# [What is needed]
Would you repeat the listing below exactly, with no pictures in it?

# [Data block]
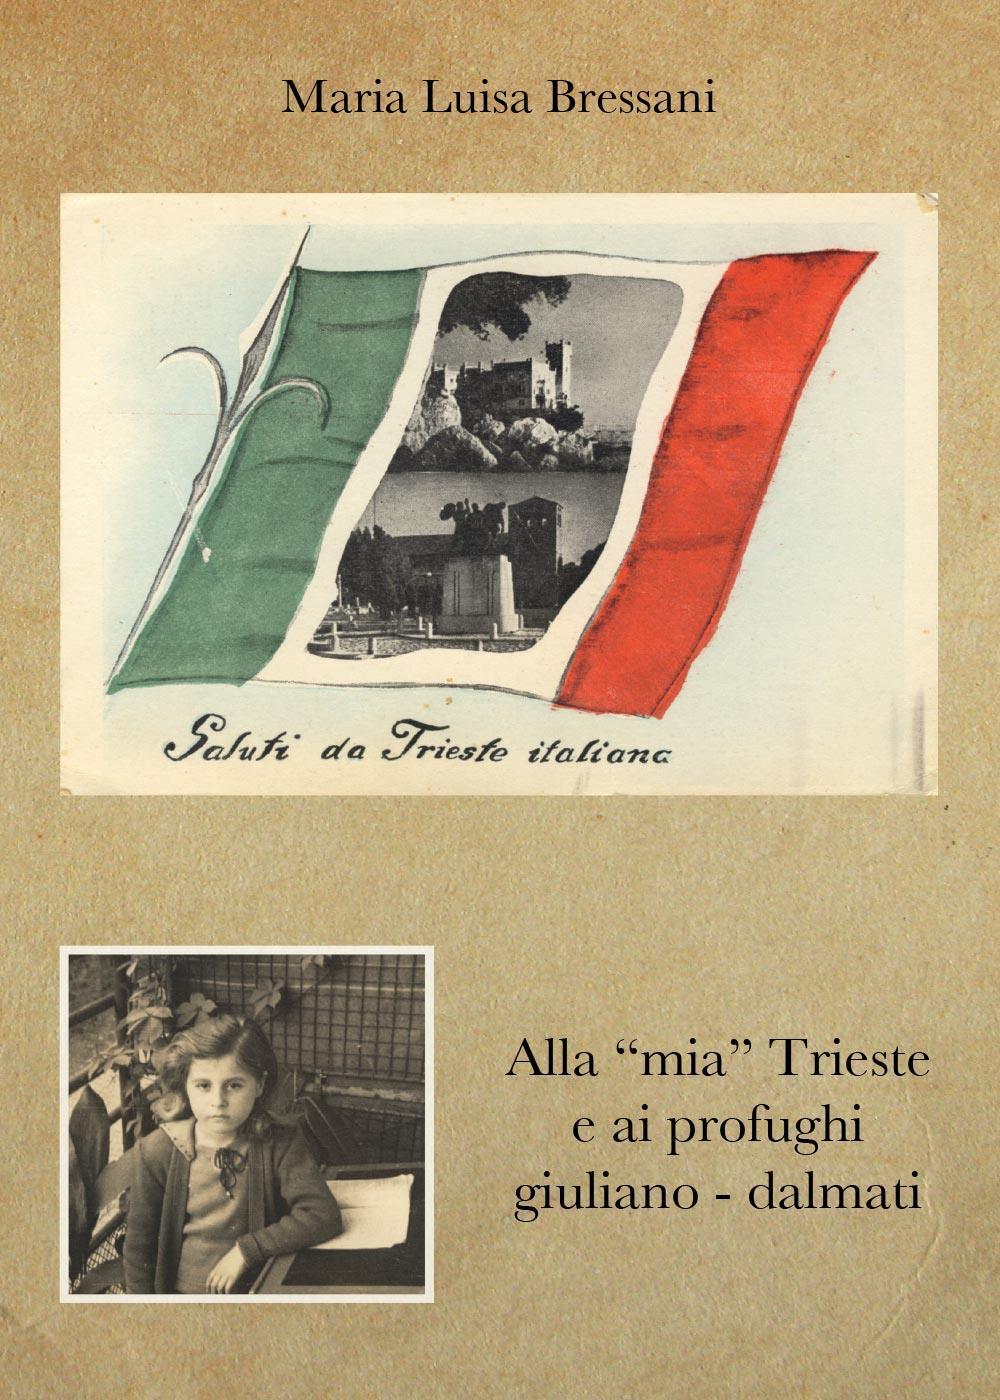 """Alla """"mia"""" Trieste e ai profughi giuliano-dalmati"""
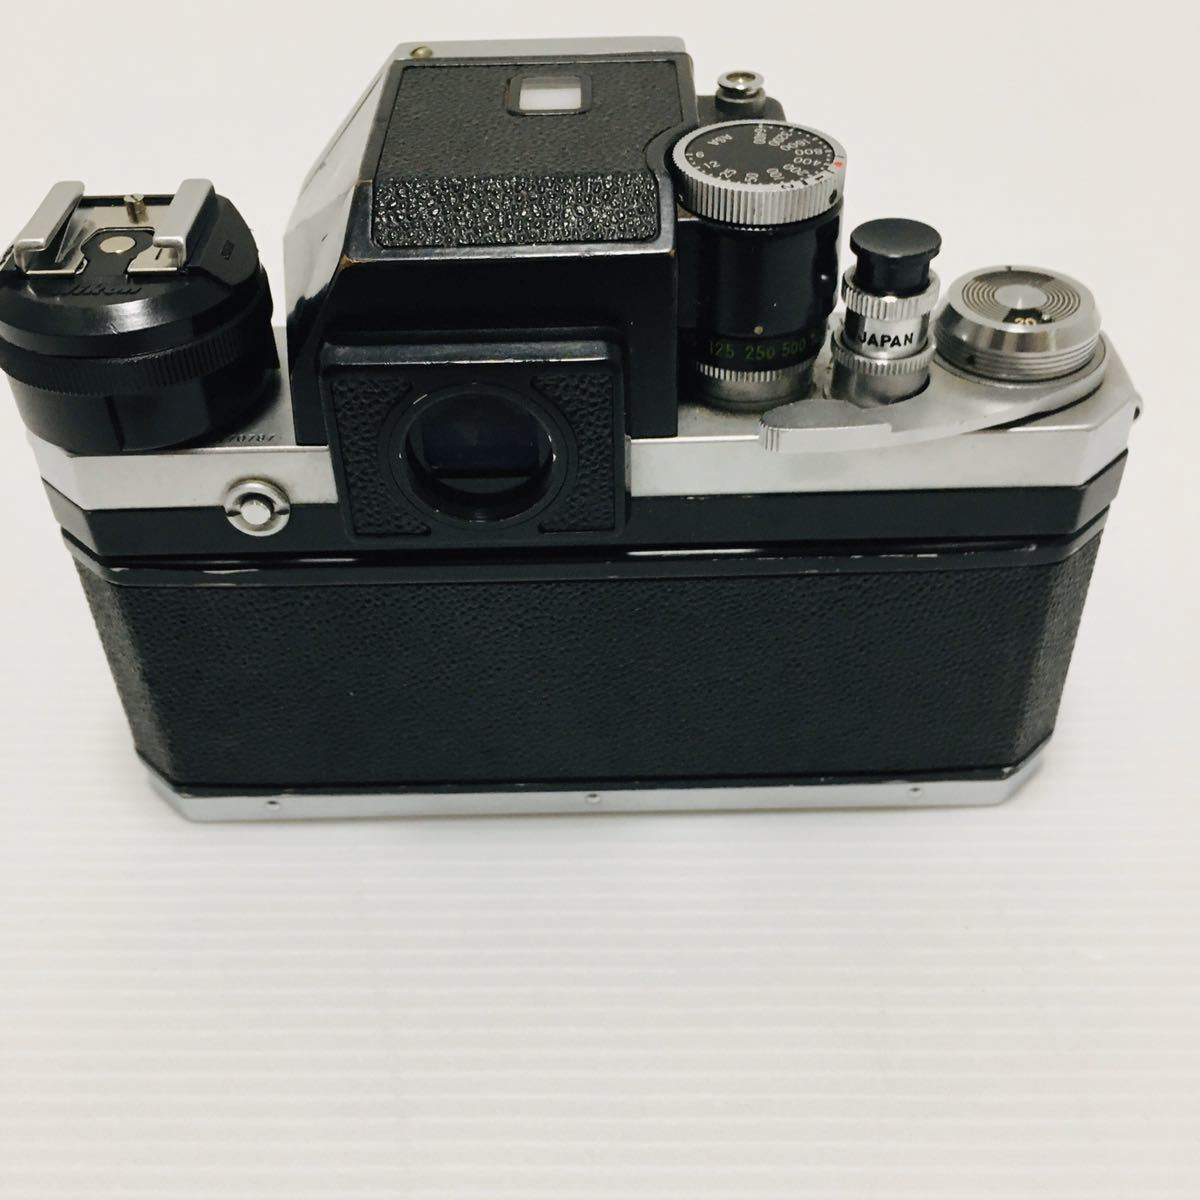 【動作未確認】Nikon F シルバー フィルムカメラ national3650 フラッシュ、レンズ付 NIKKOR-S 1:1.4 ジャンク_画像5
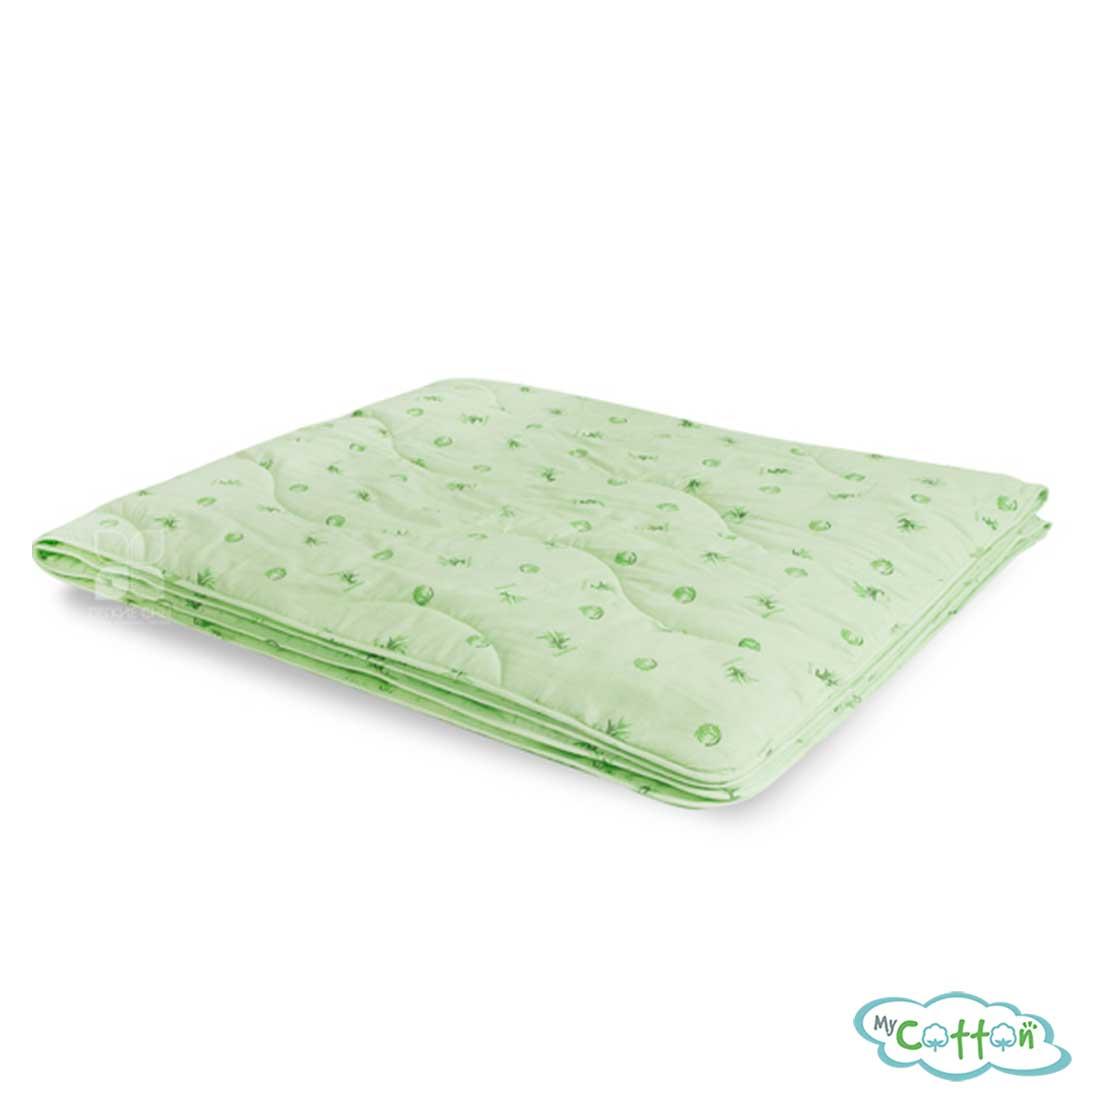 """Десткое одеяло стеганое """"Бамбук"""" от компании Легкие сны, легкое"""
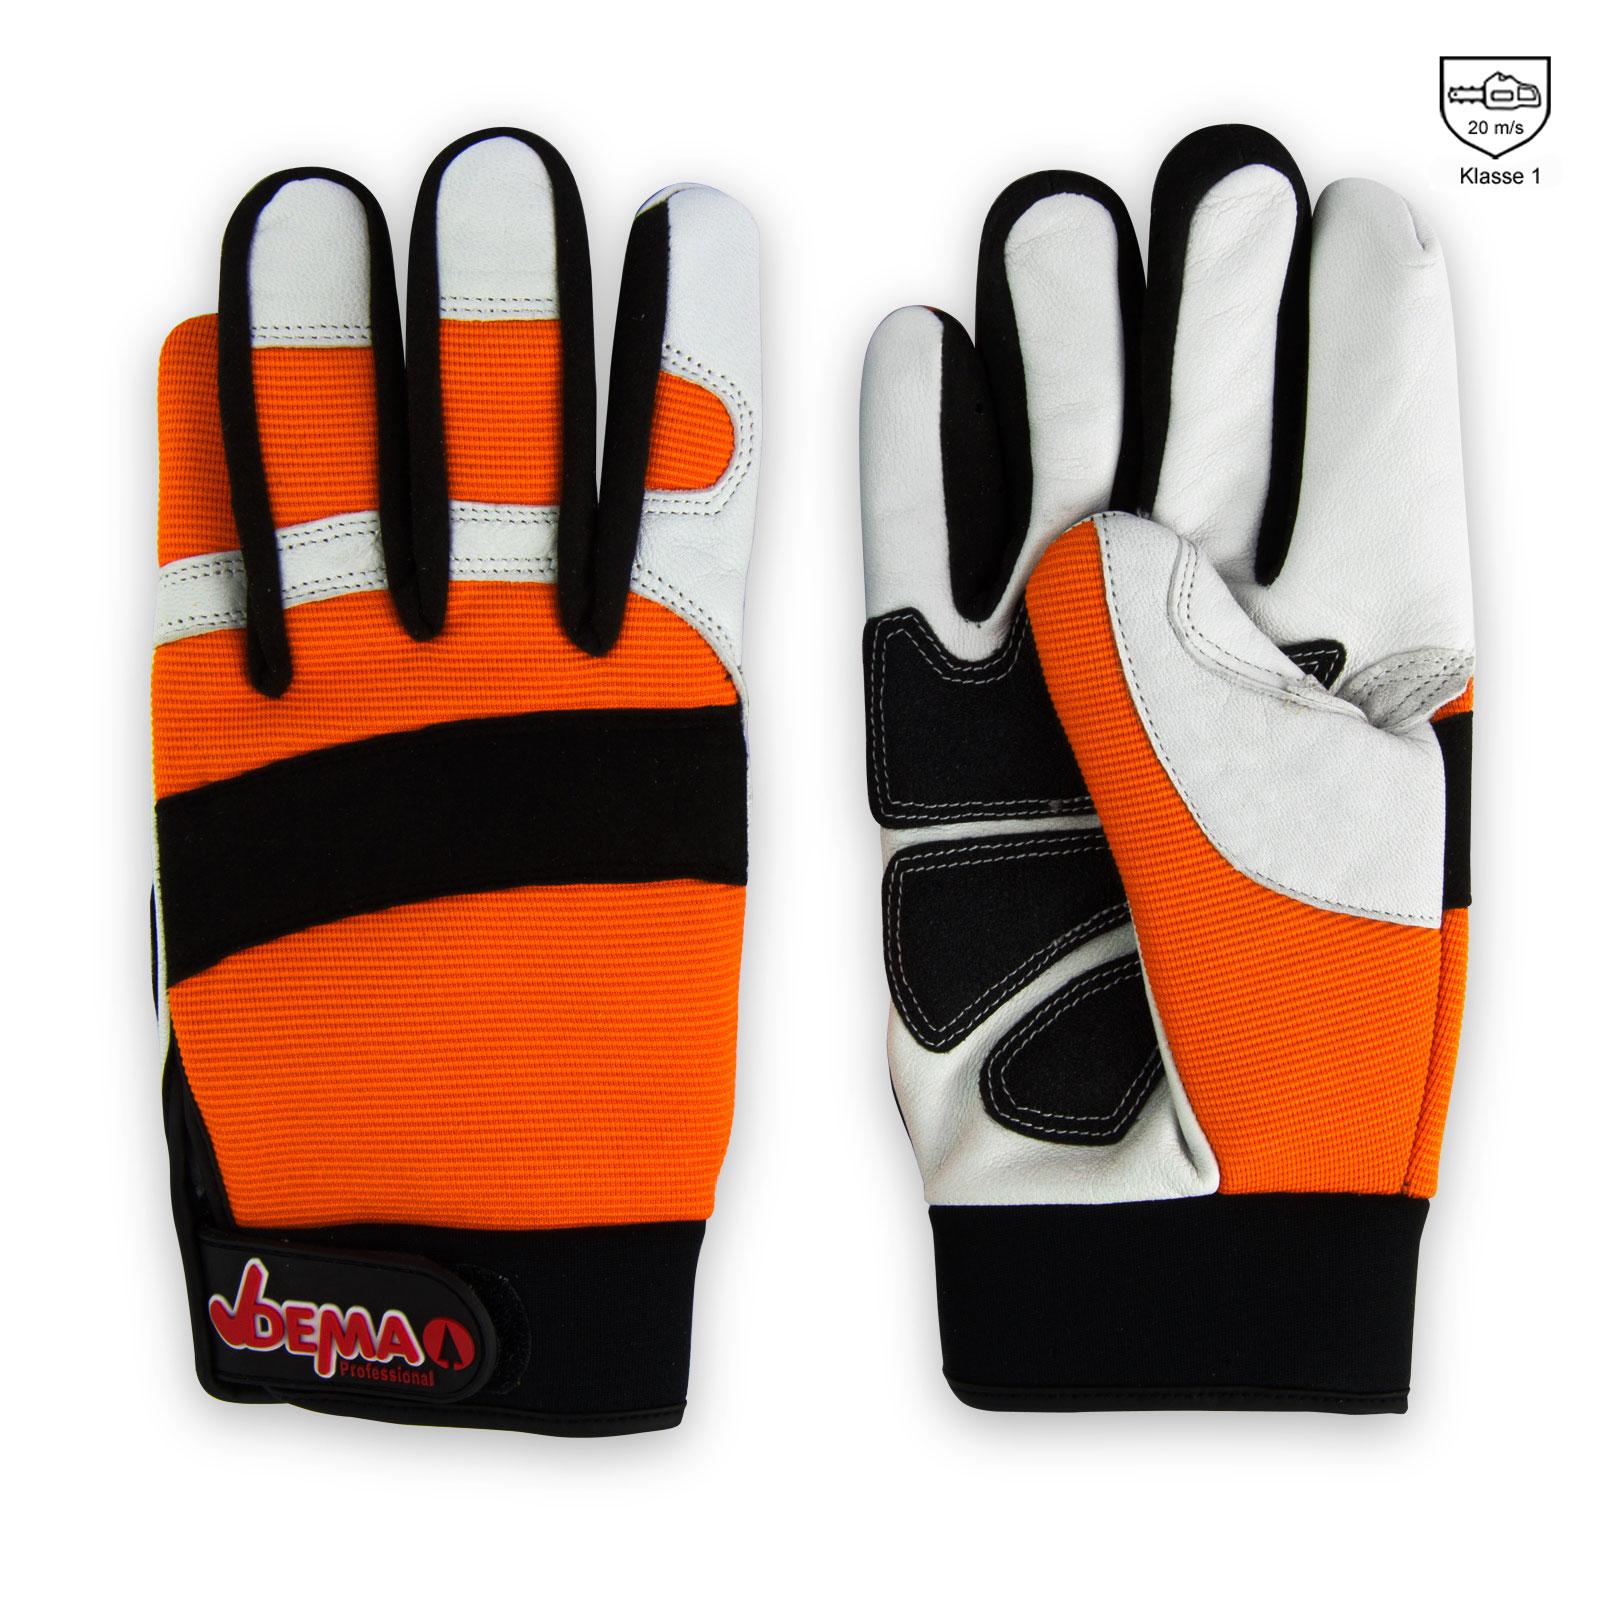 Marken Forst Schnittschutz 3erSet Helm+Handschuhe+Hose Eco DIN EN

# [Answer to this task]
 """Alla """"mia"""" Trieste e ai profughi giuliano-dalmati"""
 【動作未確認】Nikon F シルバー フィルムカメラ national3650 フラッシュ、レンズ付 NIKKOR-S 1:1.4 ジャンク_画像5
 """Десткое одеяло стеганое """"Бамбук"""" от компании Легкие сны, легкое"""
 Marken Forst Schnittschutz 3erSet Helm+Handschuhe+Hose Eco DIN EN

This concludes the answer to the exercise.